Over the last few days I’ve been following developments over at Conservative Home where two campaigns to become the Tory candidate for Mayor of London have been launched.
The currently declared hopefuls are Warwick Lightfoot and Victoria Borwick. Both are councillors in Kensington and Chelsea, a fact which is causing some debate over at CH between those who seem to think K&C is just as “representative” of London as any other borough and those who think such a candidate lacks the experience needed to tackle Mayor Livingstone.
As an impartial observer it seems to me that any prospective candidate has to face up to a number of facts which stem from the past actions of Tory politicians.
The Conservative Legacy in London
Every time LibDem leader Ming Campbell is questioned on the subject of coalition government he tells the interviewer that he’s “banned from the Liberal Democrat lexicon” the words coalition and hung parliament.

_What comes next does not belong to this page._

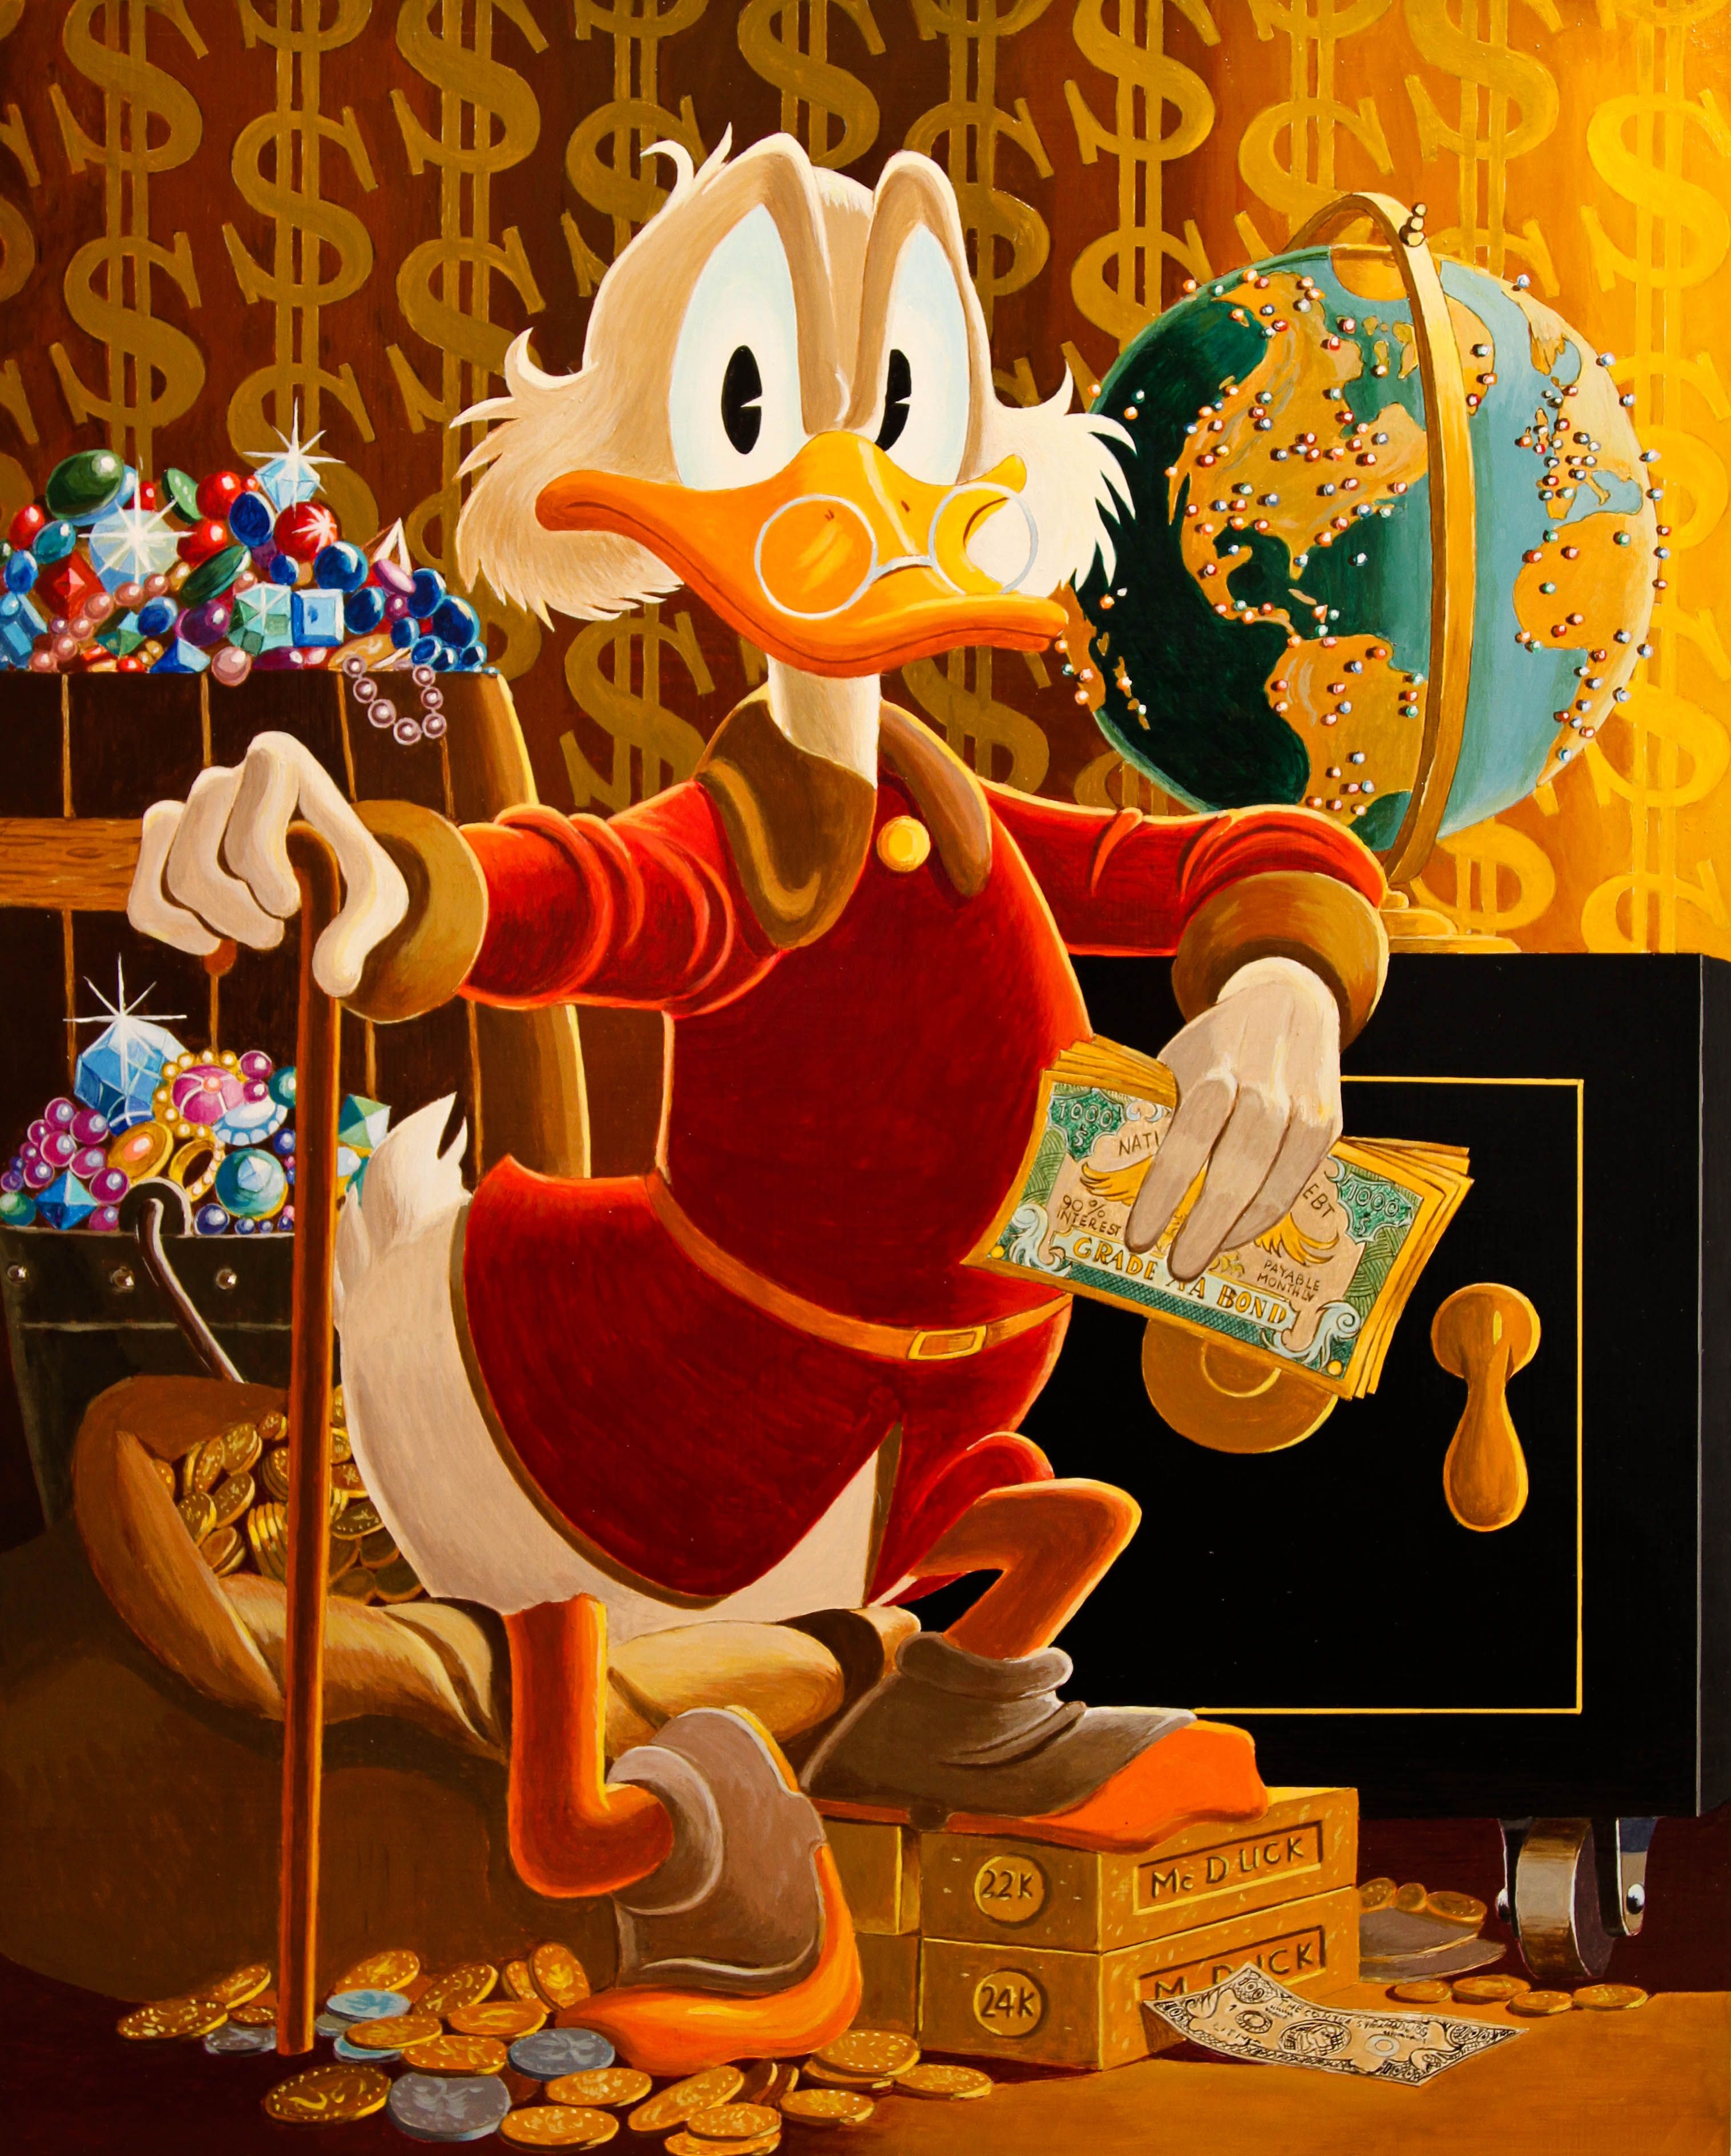 Scrooge McDuck Background. Uncle

This stance offers an important lesson to anyone aspiring to be the next Conservative Mayoral candidate. You can’t, as Victoria’s piece on CH and website suggest she would, campaign in 2008 over what you see as the ‘Looney Left’ policies of Red Ken & the GLC.
If you’re still reading, here’s why:
1. Don’t you just hate how at PMQ’s Blair harks back 10 years to when Major was in office every time his policies are under fire? Exactly so imagine how any candidate will sound exhuming ideological rows from 20 years ago.

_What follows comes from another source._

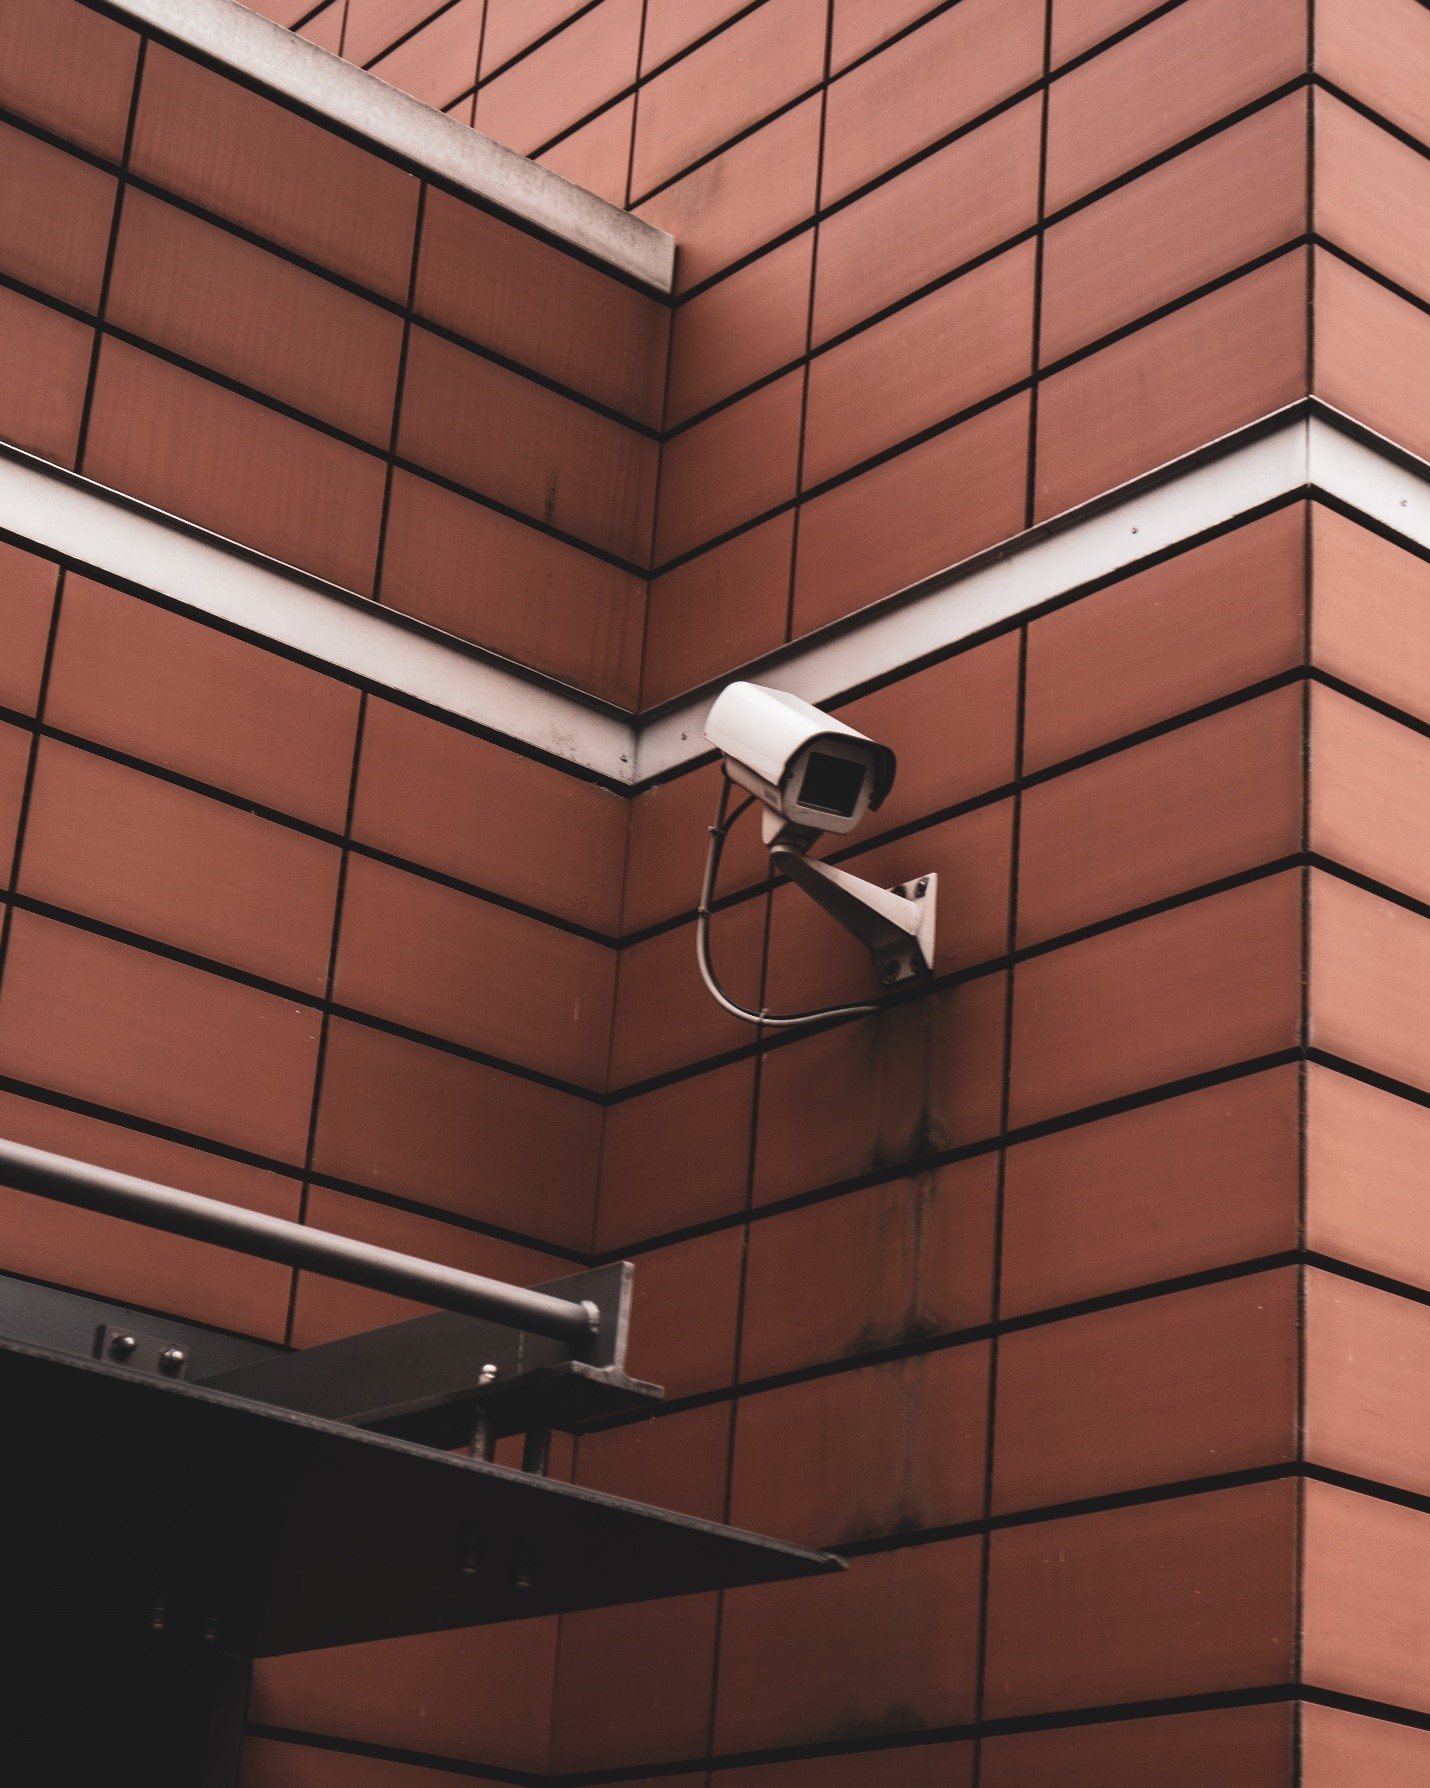  Importance of Live Security Camera Monitoring

2. This won’t be popular but in every measurable way Livingstone won the argument over Equal Opportunities. There’s not a single mainstream politician in 2006 who believes that woman and members of BME and LGBT communities deserve unequal pay and less job security than a white heterosexual married man or who doesn’t accept that the provision of affordable childcare is an important part of helping woman back into work.
3. The beneficiaries of those ‘Looney Left’ policies make up such a significant percentage of London voters that giving Livingstone an opportunity to remind voters of Tory opposition to ‘inclusion’ would be electoral suicide. Steve Norris knows this, it’s why he distanced himself from the central party in 2000 and 2004 and how he managed to come such a strong second both times.

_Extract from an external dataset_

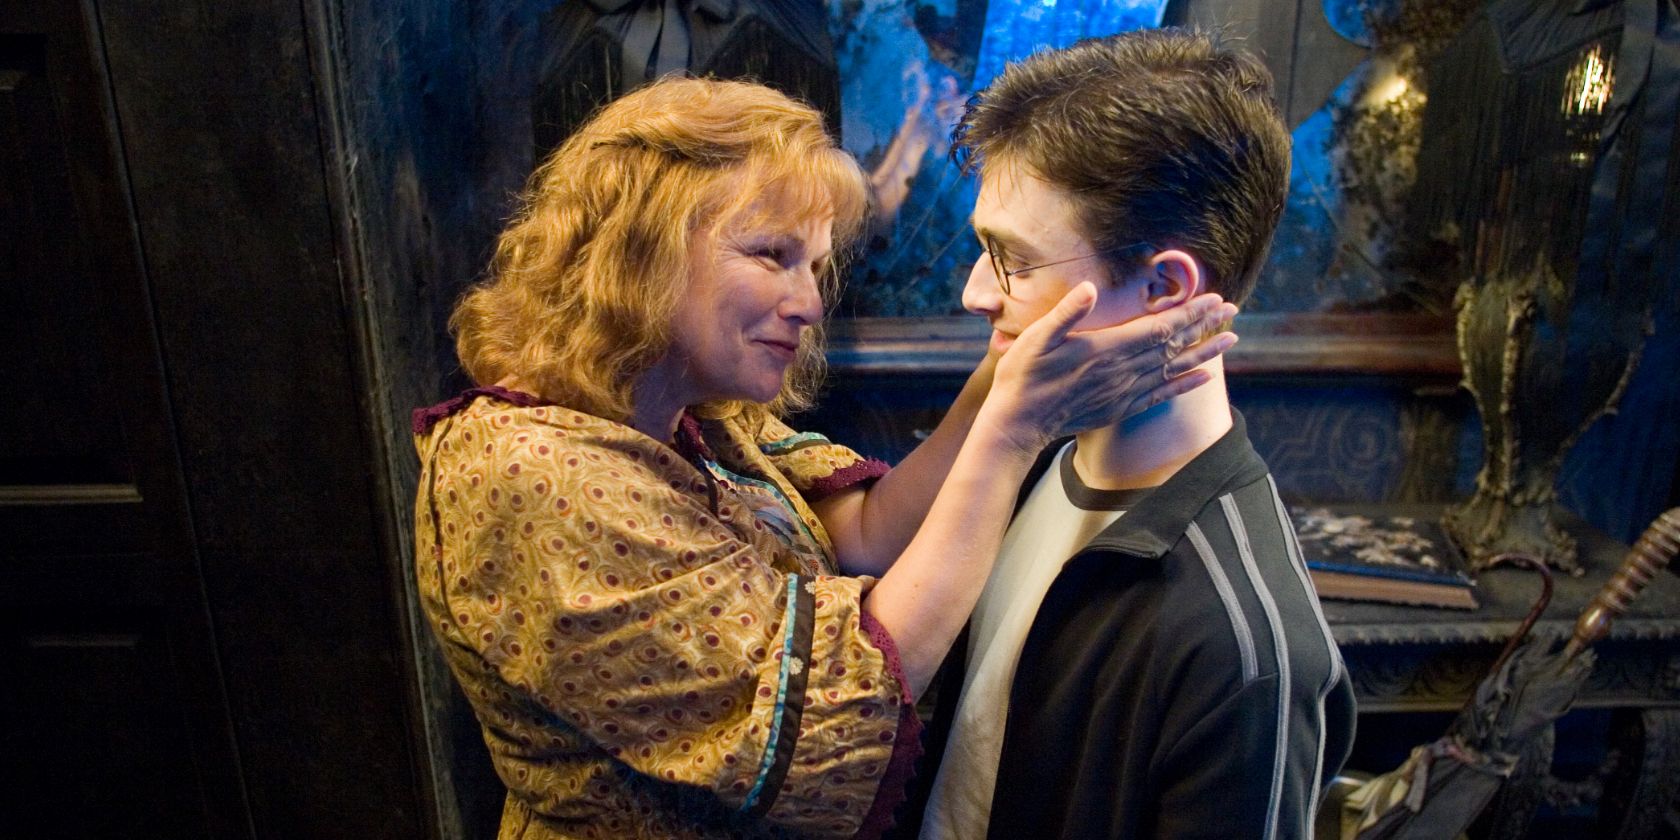 Molly holding Harry's face affectionately in Harry Potter and the Order of the Phoenix.

Any candidate who thinks Norris would have done better by debating a 20 year old decision to insist on Robertson’s removing the Golly from their jams is going to waste a lot of people’s time and money.
Over on CH Victoria claims the GLC’s demise was “unlamented“. Well I guess if you didn’t rely on a GLC salary to pay your bills that might be true but abolition meant a lot of people lost their jobs and suffered real financial hardship.
In education GLC abolition resulted in the scrapping of ILEA, the Londonwide education authority. As someone finishing their education during this period I can assure you the impact was disastrous, many of the boroughs just weren’t capable of absorbing the functions they had thrust upon them and two generations of Londoner’s have paid the price.
Many people who lived in GLC managed homes certainly lamented the much poorer quality of housing management they often encountered when their homes were transferred to the very councils they’d rejected as potential landlords.
So, whilst it may have been unpopular with many Tories, the GLC had a positive daily impact on the lives of millions of Londoners who held it in high esteem. The eventual candidate has to avoid debating issues from ancient history in which the Tories were long ago cast as the bad guys.
Finding a Credible Candidate
When I listen to activists in any party discuss who should stand for various elections I often want to weep in despair. Just because old Maurice has been a good local party chair who runs the meetings well and always brings a packet of hobnobs to share, it doesn’t mean he has what it takes to front a high profile campaign.
Reading some comments on sites such as Iain Dale’s and CH it’s clear a lot of Tory activists underestimate the challenge of unseating Ken Livingstone. I know many Tories hate him but the inescapable truth is that he’s a formidable political operator who owes much of his reputation and surrounding myth to their own party.
It was abolition of the GLC which meant Ken never outstayed his welcome in the 1980’s. He will forever more be able to tell how Baroness Thatcher so feared him she abolished his job. The truth of the claim isn’t important, it’s how history has been written.
In 2000, fueled by that myth, he overcame the best efforts of the New Labour election machine and demolished Frank Dobson’s campaign. Twice he managed to beat Steve Norris, no slouch himself when it comes to campaigning. Then in 2004 the larger than life personalities of both Norris and Livingstone pushed the LibDem’s equally well known Simon Hughes into an uncomfortable third place.
So it’s clear that the next Conservative candidate needs to be as charismatic, media savvy and as well known as Livingstone if they’re to have any realistic chance of winning. The party needs to put forward a candidate who goes down well on the inner city estates and looks and sounds as if they understand the problems faced by the majority of Londoners who don’t live in expensive, low crime areas. Some real world experience (i.e. at the sharp end) in crime fighting, social housing, or poverty reduction would be nice too.
It’s not going to be enough to simply attack Ken for being “smug“. That’s never stopped people voting for him before and it won’t stop them in 2008.
I think a lot of Tories believe London will just fall into their laps if they wait long enough. It won’t, if the party genuinely wants to take the Mayoralty from Ken they’re going to have to work hard for it.